I think this could confuse users into thinking that a different state backend is used on the task manager to store the actual checkpoint data. If I'm not mistaken this is purely a JobManager thing, though. Also, before the naming scheme for stuff in state.backend was that state.backend.x.y was the setting of option y for state backend x. Now it looks like there is a state backend savepoints. Maybe we could change this to:

savepoints.state.backend: filesystem
savepoints.state.backend.fs.dir: hdfs:///flink/savepoints

to clarify that this is changing the state backend settings for the savepoints on the JobManager.

uce · 2015-12-07T14:14:13Z

@aljoscha I like your proposal. I will rename it accordingly.

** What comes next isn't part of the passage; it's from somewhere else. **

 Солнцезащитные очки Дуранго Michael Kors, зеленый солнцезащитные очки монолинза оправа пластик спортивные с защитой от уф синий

tillrohrmann · 2015-12-07T16:03:54Z

docs/apis/savepoints.md

+under the License.
+-->
+
+Programs written in the [Data Stream API]({{ site.baseurl }}/apis/streaming_guide.html) can resume execution from a **savepoint**. Savepoints allow both updating your programs and your Flink cluster without loosing any state. This page covers all steps to trigger, restore, and dispose savepoints. For more details on how Flink handles state and failures, check out the [State in Streaming Programs]({{ site.baseurl }}/apis/state_backends.html) and [Fault Tolerance]({{ site.baseurl }}/apis/fault_tolerance.html) pages.


typo: loosing --> losing

tillrohrmann · 2015-12-07T16:10:58Z

docs/apis/savepoints.md

+
+**Note**: If you don't configure a specific directory, the checkpoint directory (config key `state.backend.fs.checkpointdir`) will be used.
+
+**Important**: A savepoint is a pointer to completed checkpoint. That means that the state of a savepoint is not only found in the savepoint file itself, but also needs the actual checkpoint data (e.g. in a set of further files).

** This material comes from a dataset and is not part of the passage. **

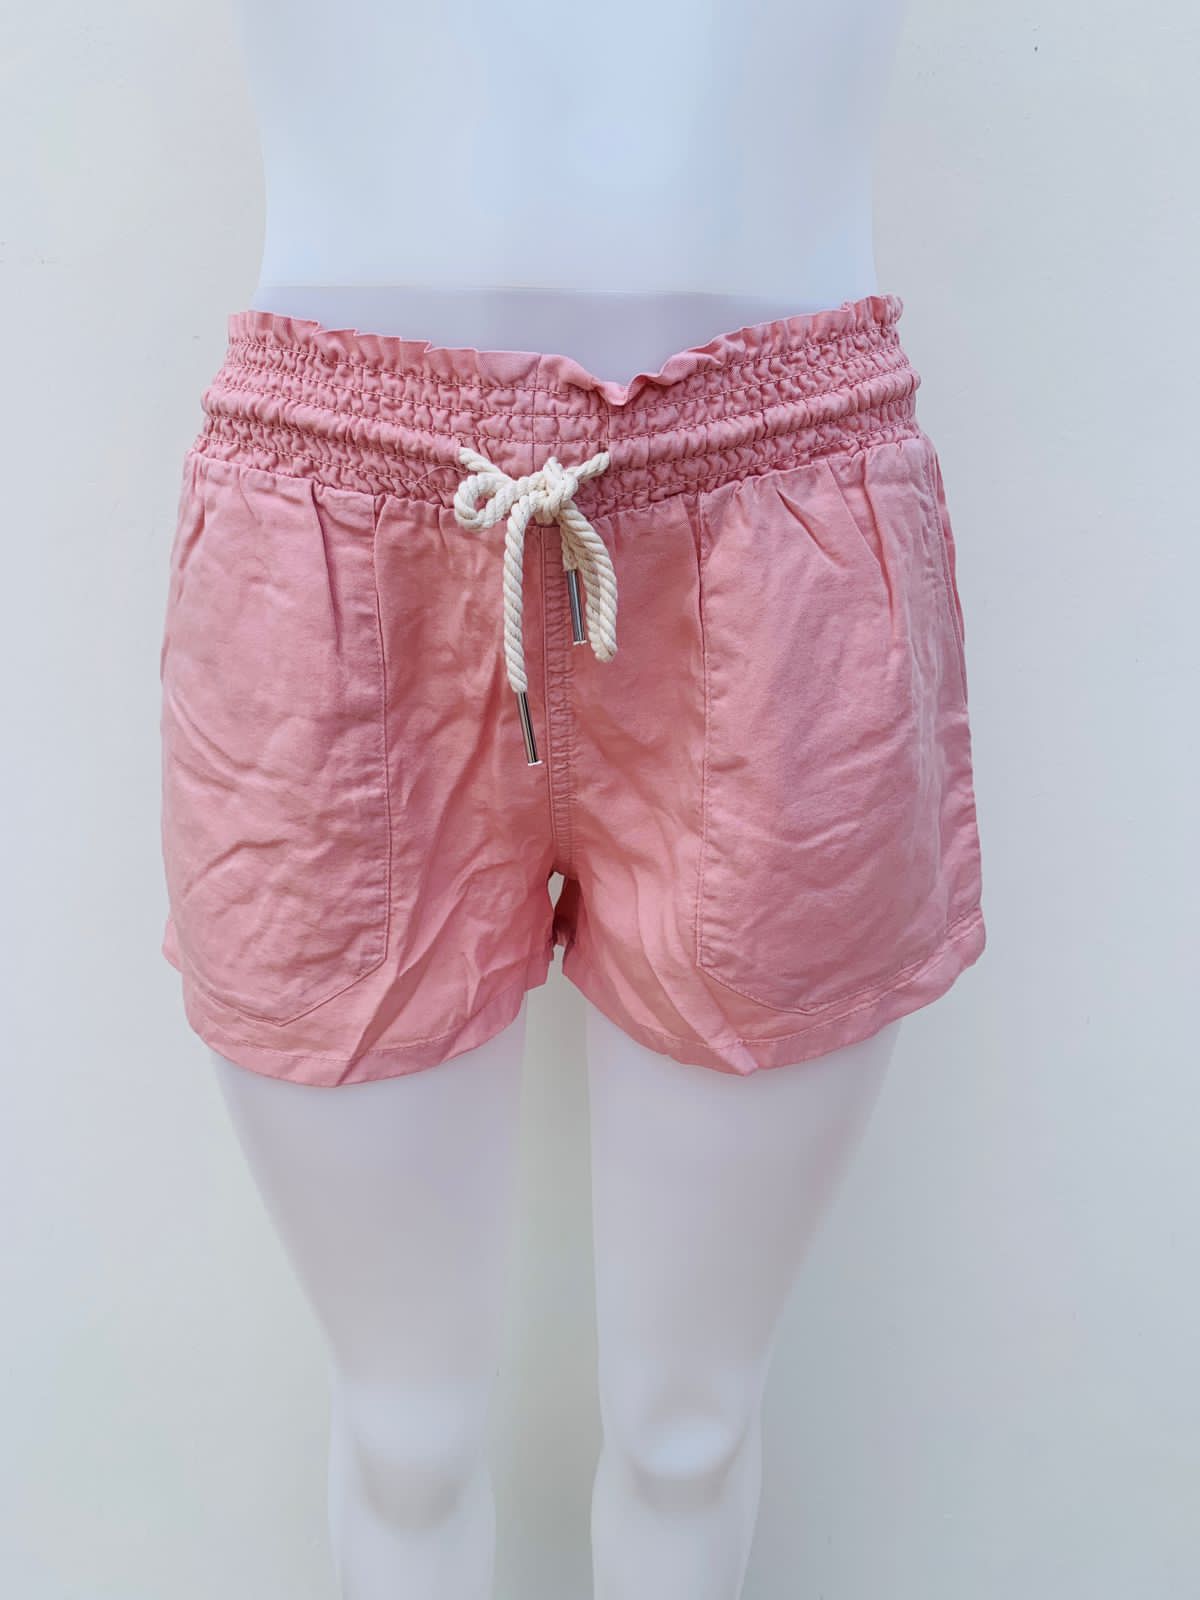 Short FASHION NOVA original, rosado opaco claro con cintura dobladilla y lazo ajustable en el centro estilo cordón de color crema.

Maybe we can say here more prominently, that state.backend.savepoints: filesystem and state.backend: jobmanager does not make sense.

+1

Let's also add it as a sanity check in the code

tillrohrmann · 2015-12-08T10:26:41Z

flink-runtime/src/main/scala/org/apache/flink/runtime/jobmanager/JobManager.scala

+
+                  // Failure, respond with the cause
+                  case scala.util.Failure(t) =>
+                    senderRef ! TriggerSavepointFailure(jobId,


If you break argument lists, then every argument is written in its own line.

tillrohrmann · 2015-12-08T11:10:46Z

Really good work @uce. I only had a comment concerning the hash generation and compatibility between topologies and some minor style comments. Once these are addressed +1 for merging.

gyfora · 2015-12-13T20:51:49Z

How do I increase the timeout for the savepoint? I rebased on the latest version but it still times out on 100000 ms.

Otherwise awesome work :)

uce · 2015-12-14T10:48:05Z

@tillrohrmann Thanks for the review. I will address the remaining points and get back.

@gyfora I changed the client timeout to INF, but it somehow got back in. I will address this. I think it's fine to have it as INF and let the checkpoint timeout handle it (default 10 mins). The user can just break out of the client (which will not cancel the savepoint though – something we can address as a follow up).

gyfora · 2015-12-14T20:50:07Z

I think we should first check whether the savepoint exists or not before trying to restore from it. Currently an invalid savepoint will send the job into a restart loop.

uce · 2015-12-16T14:07:31Z

I've addressed the last comments.

Regarding the deterministic hashing and ordering of the graph: changing anything but the user function changes the hash (if not specified manually).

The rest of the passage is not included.